Very few papers refer to the effect of irradiation on polymer nanocomposites [
9,
10,
11,
12,
13,
14]. With the aim of improving the range of industrial applications, we have recently irradiated PP/MWCNT (Multiwall Carbon Nanotubes) nanocomposites, obtaining an electrical conductive polypropylene with strain-hardening behavior [
12,
14]. To our knowledge, elaboration of PP/MWCNT nanocomposites using irradiated PPs as a polymer matrix has not been reported in the literature, so far. The type, length, density and distribution of branches are known to dramatically affect polymer flow behavior and processing characteristics.

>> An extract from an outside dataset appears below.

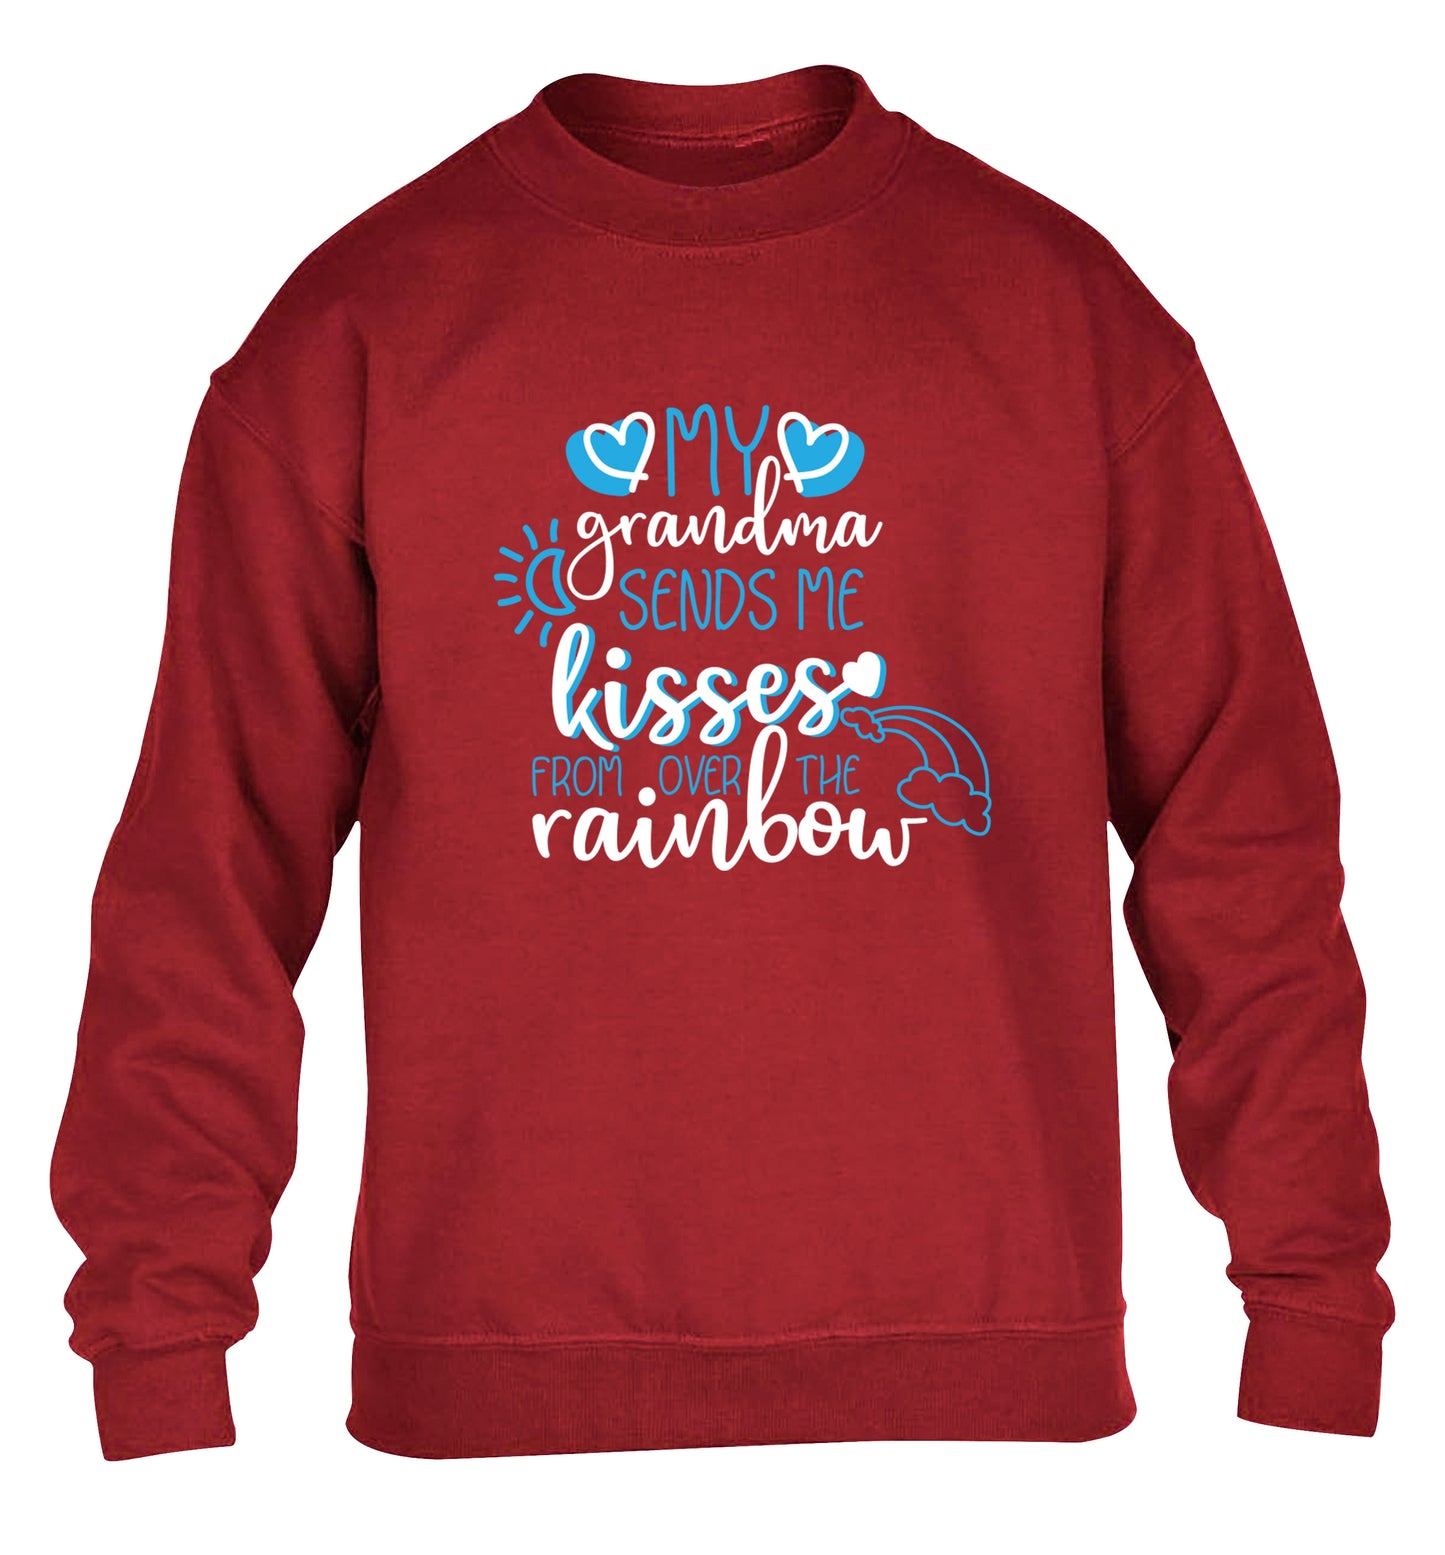 My grandma sends me kisses from over the rainbow children's grey sweater 12-13 Years

Understanding the role of LCB in relation to the properties of these materials is of great academic and industrial interest, but, in general, the effect of the molecular architecture of the matrix has deserved little attention on the characterization of polymer nanocomposites. Espinoza-González et al. [
15] reported that a patented method of extrusion assisted by a low-frequency and high-power ultrasound method was able to induce different states of dispersion, as well as chemical modifications promoted by branching reactions. The presence of branched structures affects the quality of the dispersion of CNTs. Vega et al. [
16] demonstrated that high molecular weights or considerable molecular weight polydispersities can play a determining role in melt viscoelastic properties of polyethylene/carbon nanotube nanocomposites, which have important implications on determining rheological percolation thresholds, due to the viscoelastic screening effect of the CNTs.
The characterization of the structural modification produced by the electron-beam irradiation process in PP/MWCNT nanocomposites is a challenging task. Size Exclusion Chromatography (SEC) combined with MALLS (Multi-Angle Light Scattering) is a very suitable tool to ascertain the sparse long chain branching level in polyolefins [
17]. However, this technique cannot be employed in the case of polymer nanocomposites, because proper solutions to be injected in SEC equipment cannot be prepared. Therefore, rheological methods are used to face this issue. Our research focuses on the influence of both, carbon nanotubes and the irradiation process on the rheological and electrical properties. The rheological characterization of nanocomposites is based on the study of the dynamic viscoelasticity and uniaxial elongational flow.
Two PP/MWCNT nanocomposites are compared: One is a PP/MWCNT nanocomposite that has been submitted to irradiation (Protocol A); the other is a PP/MWCNT nanocomposite obtained by mixing MWCNT with an irradiated PP (Protocol B). The same irradiation dose, adjusted to bring about LCB, but not crosslinking, was used in both types of nanocomposites. Furthermore, the mixing conditions (temperature, mixing time and applying torque) were the same in both elaboration protocols. The paper is organized focusing on the following issues: (a) Similarity and differences found between both nanocomposites; (b) effect of irradiation on polymer matrix viscosity and, subsequently, influence on MWCNT dispersion; (c) influence of long chain branching developed by irradiation: strain hardening in elongational flow; (d) capacity of the mixing process to annihilate LCB and, alternatively, to promote shear modification (alignment of long branches to the backbone); (e) explaining why only one of the nanocomposites displays strain hardening.
2. Materials and Methods
The basic material used in this study was a commercial isotactic polypropylene Moplen EP340K (Mw = 440,000, Mw/Mn = 4.4) provided by Basell polyolefins company (London, UK). We refer to this polymer as “neat PP”. Non-functionalized Multiwall Carbon Nanotubes (MWCNT) supplied by Cheap Tubes Inc (Cambridgeport, VT, USA) were selected to be dispersed in neat PP matrix. These nanotubes have specified diameters of D = 30–50 nm, lengths of L = 10–20 μm and purity greater than 95%.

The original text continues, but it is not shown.